━━━━━ INFORMATION SUPPLIED ━━━━━
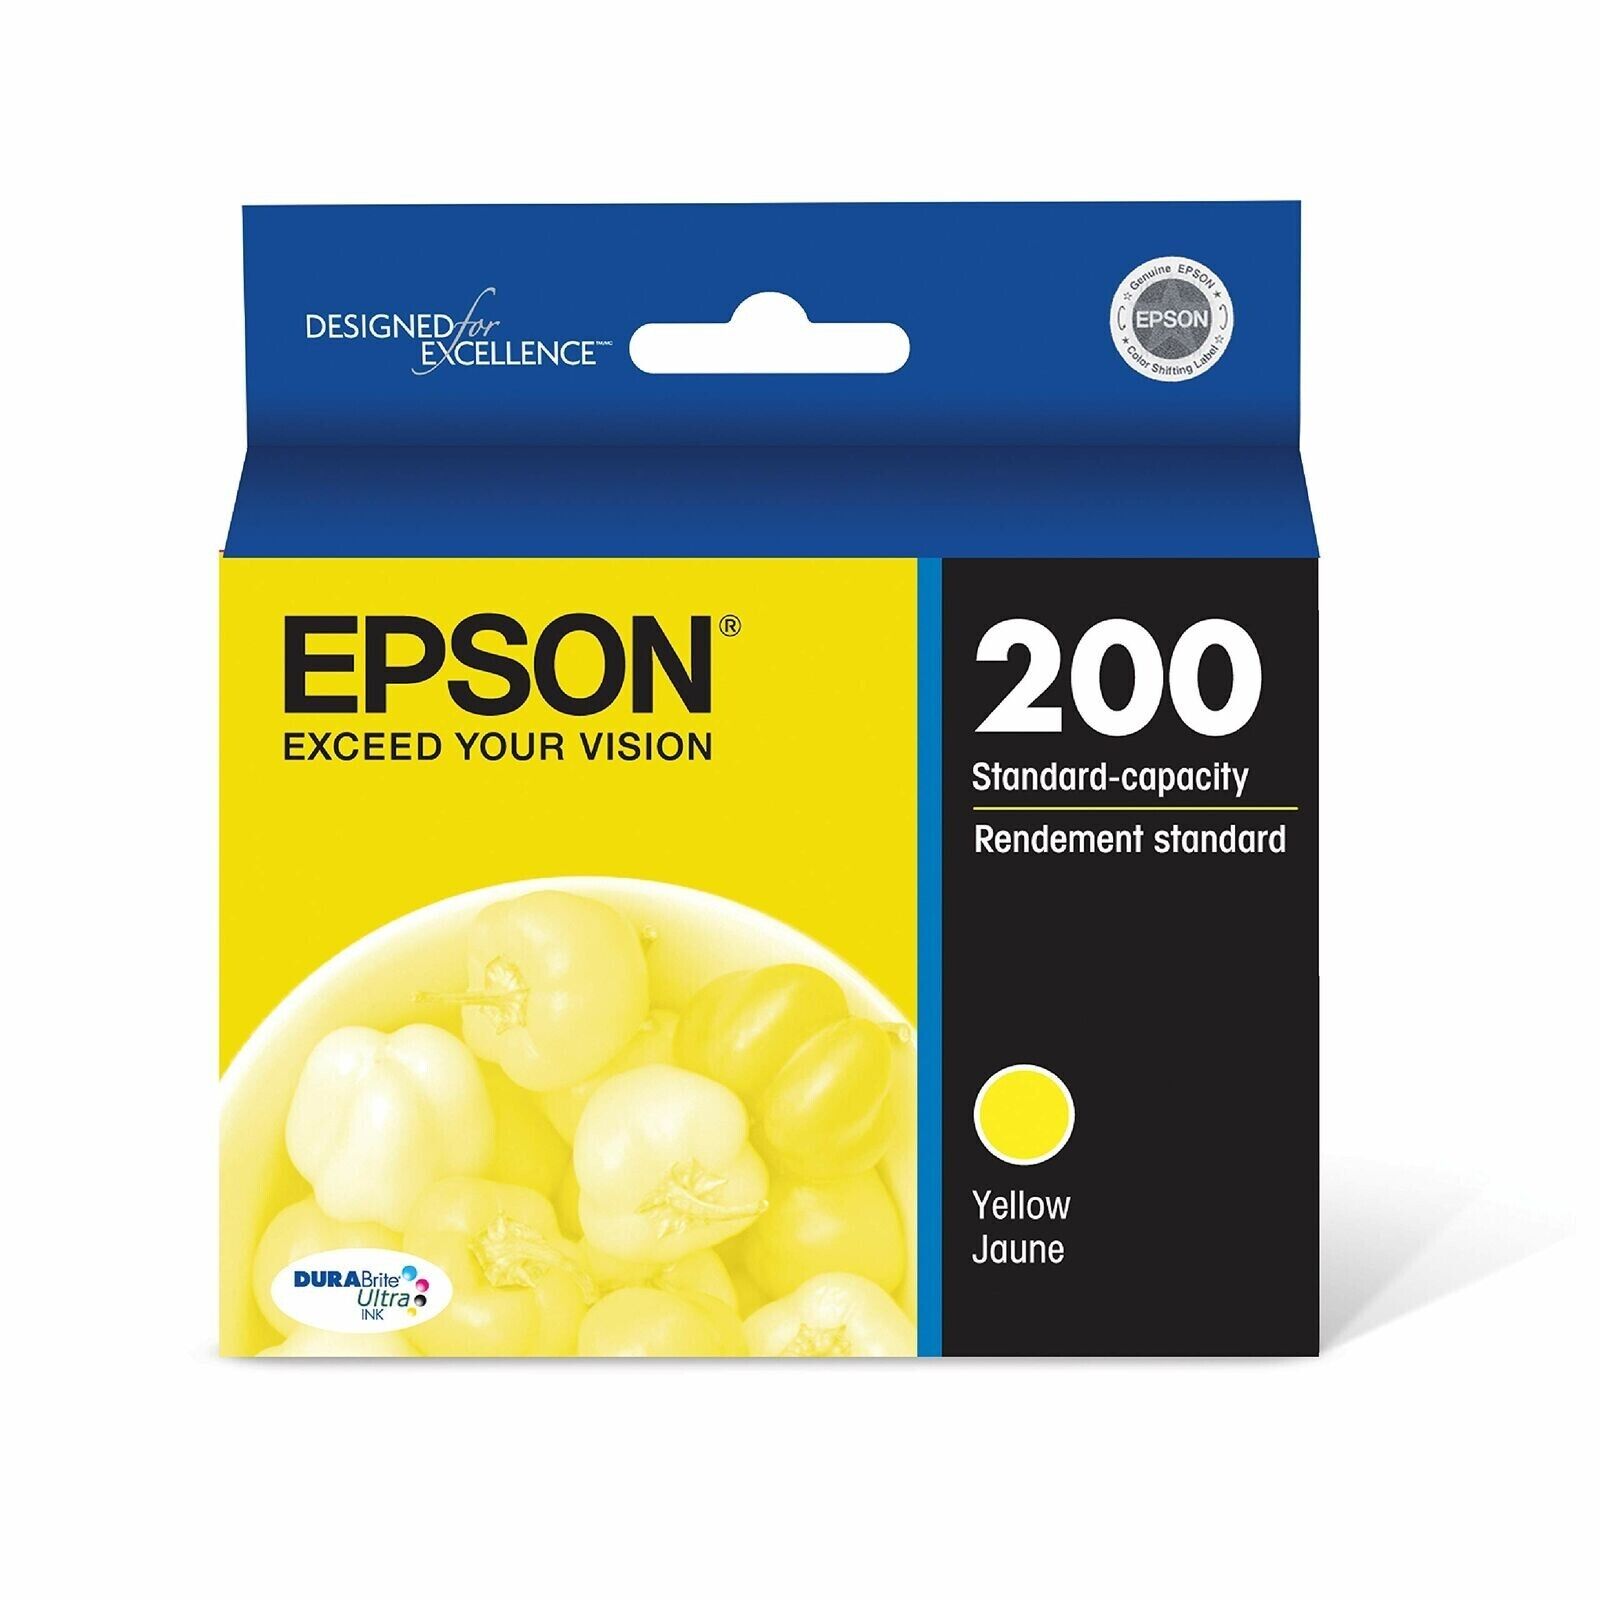 Epson 200 DURABrite Ultra Yellow Standard Capacity Cartridge Ink EXP 01/2023
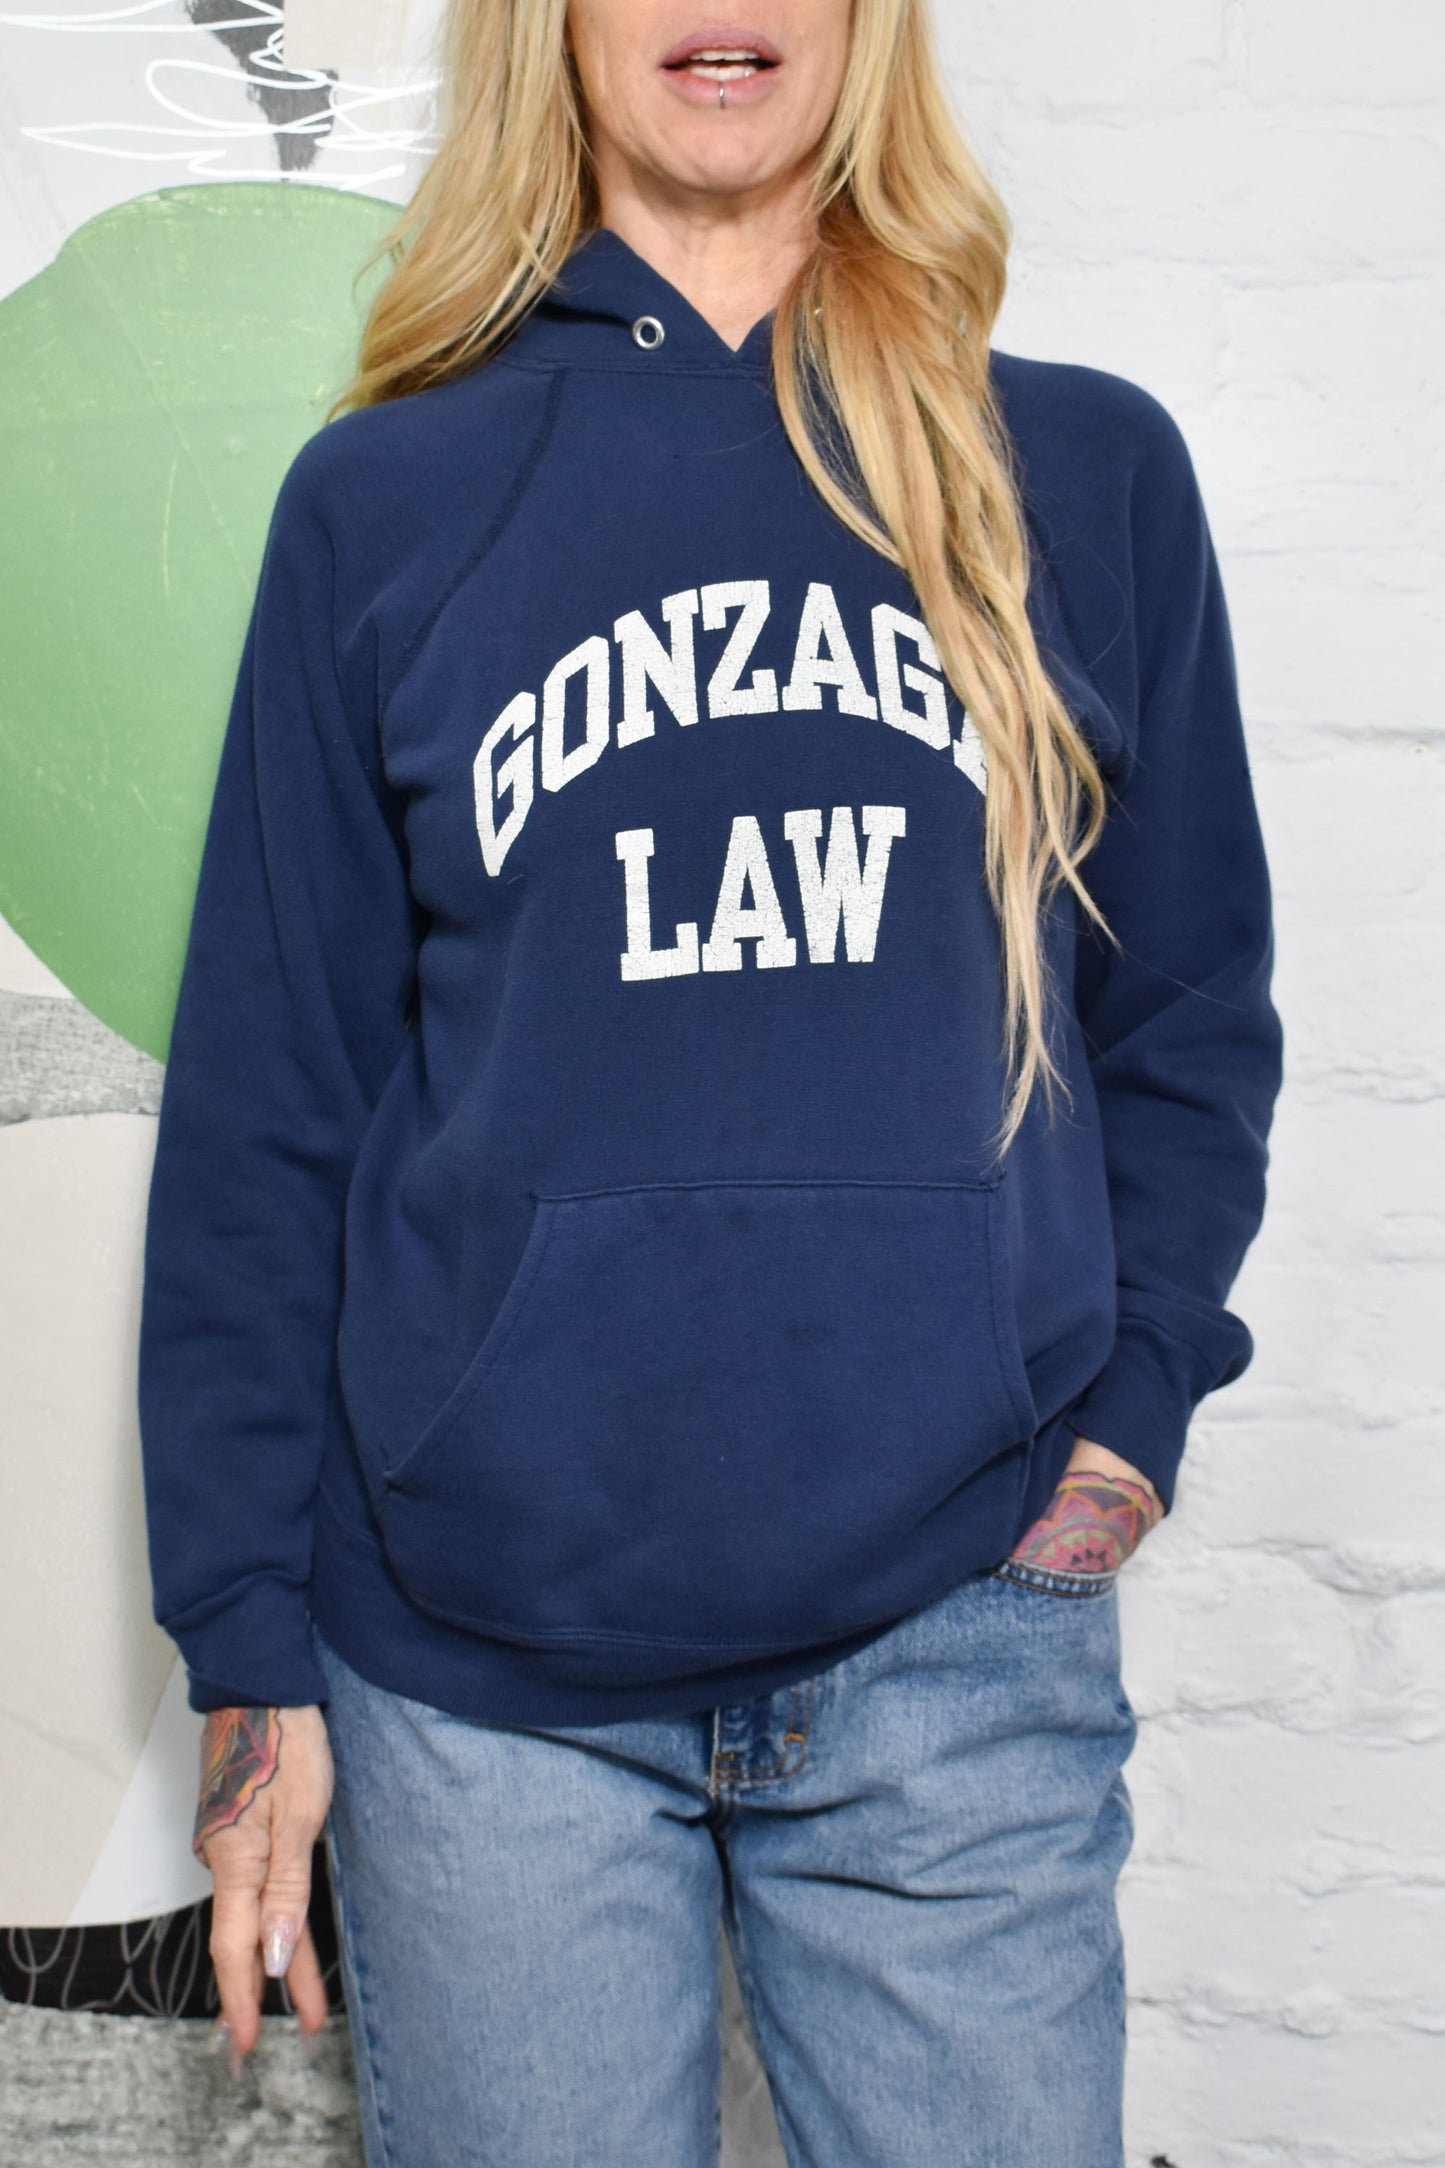 Vintage 1980's "Champion" Gonzaga Law Hooded Sweatshirt
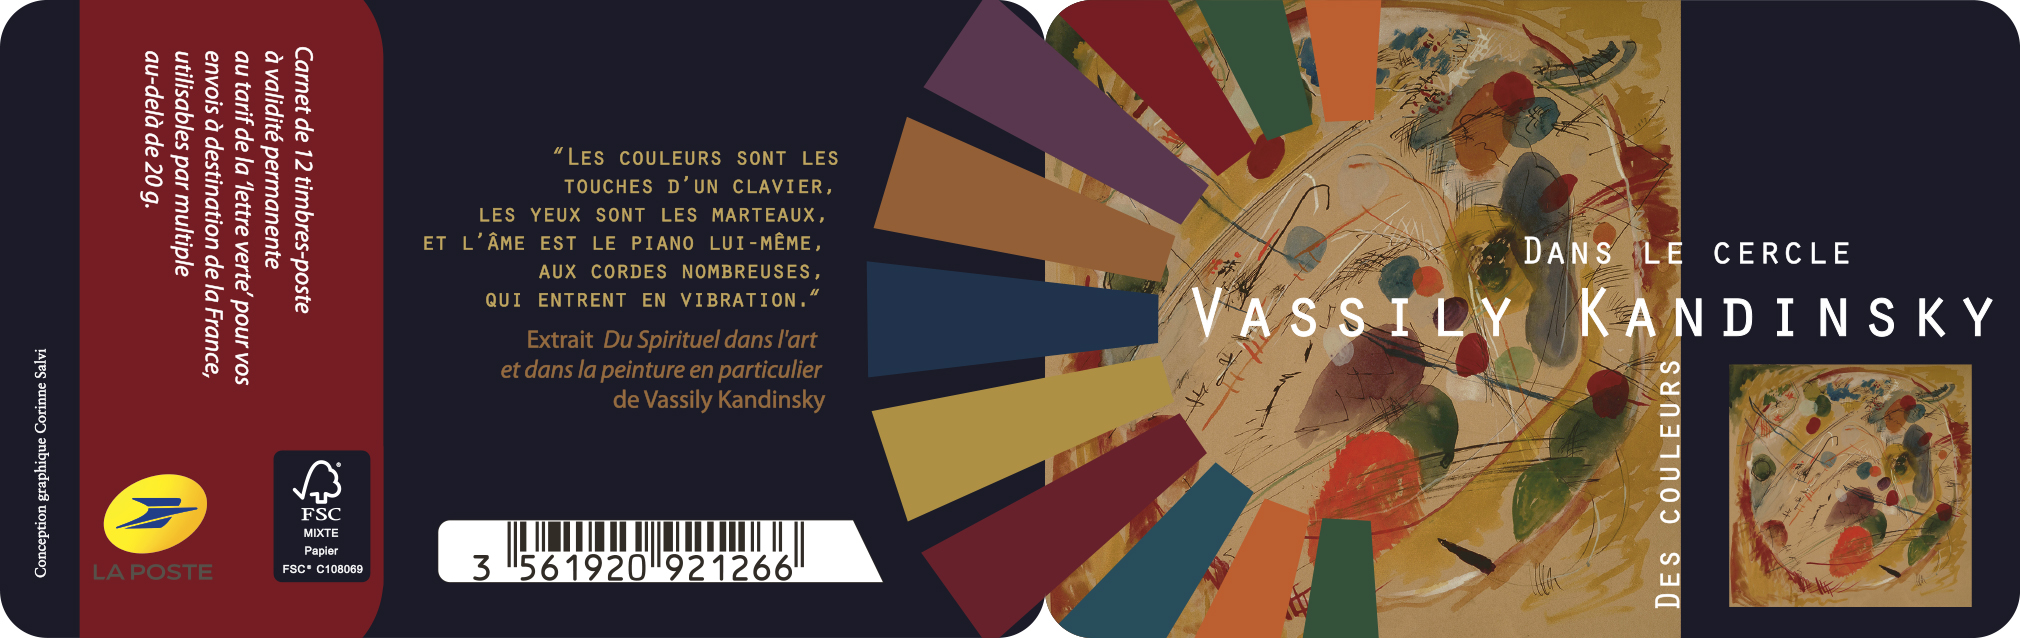 Vassily Kandinsky -  Dans le cercle
━━━━━
**TASK DESCRIPTION**: Your task is to output the material word for word while leaving out every image.

**ANSWER FOR THE TASK**:
 Epson 200 DURABrite Ultra Yellow Standard Capacity Cartridge Ink EXP 01/2023
 Vintage 1980's "Champion" Gonzaga Law Hooded Sweatshirt
 Vassily Kandinsky -  Dans le cercle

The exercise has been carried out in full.